I haven't found narrow sociable tests to be brittle in the face of refactorings, at least not when using the patterns I describe. That's a big motivation for the pattern language—to make refactoring easy, even big architectural refactorings—and that's turned out to be true in practice.

vikinghckr · on Jan 8, 2023

Hi, I really enjoyed the piece! How much to test at each layer of abstraction has always been something that's bugged me. This article provides a nice strategy.

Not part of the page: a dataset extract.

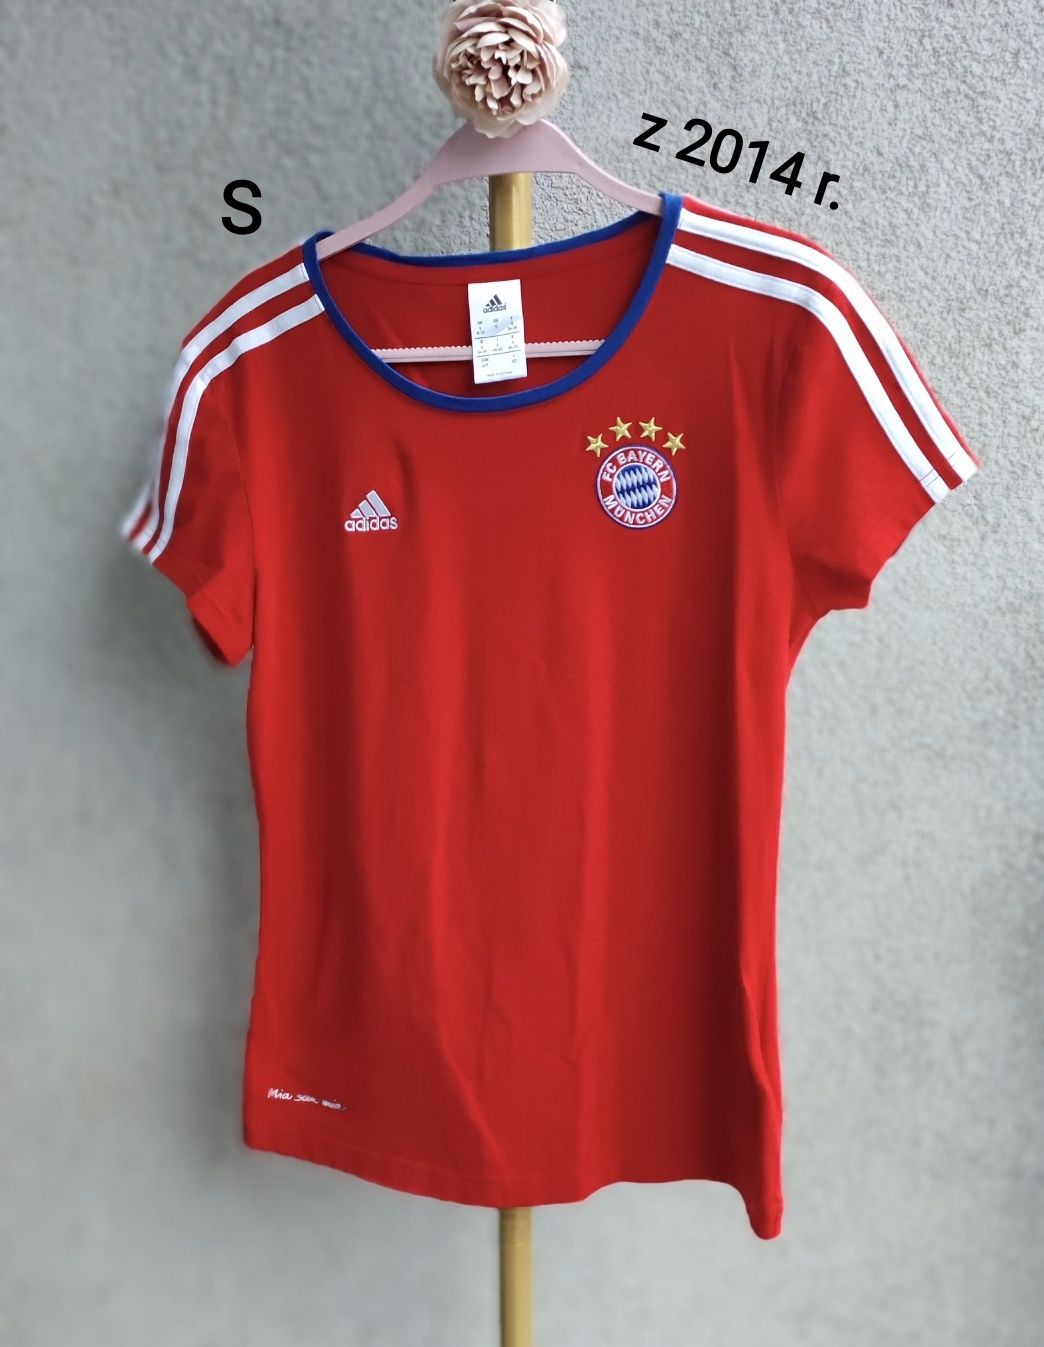 Adidas S 36 FC Bayern München czerwona t-shirt koszulka vintage biust

I still have questions about a few scenarios though. Let's say, I have two classes like this:

  class KeyValueStore {
    int64 Get(Key key);
  };

  class CachingKeyValueStore {
    CachingKeyValueStore(const KeyValueStore& wrapped);

    int64 Get(Key key);
  }

Here, the `CachingKeyValueStore` class is a wrapper around the `KeyValueStore` class, and its purpose is to simply maintain an in-memory cache (instead of RPC calls or Database calls). How would you unit test the `CachingKeyValueStore` class? So far, using Mocks have been my only strategy, because behavior-wise, both classes have the exact same outputs for the same inputs.

jdlshore · on Jan 8, 2023

Thanks! I'm glad you enjoyed it.

The behavioral difference between Caching KeyValue Store and KeyValueStore is that it doesn't fetch from the underlying data source when called a second time. So that's what I would test. Given the signature you provided, I would either instrument KeyValueStore so I could tell if it had been run twice, or (if KeyValueStore has multiple implementations) I might create a ExampleKeyValueStore in my tests that had that instrumentation.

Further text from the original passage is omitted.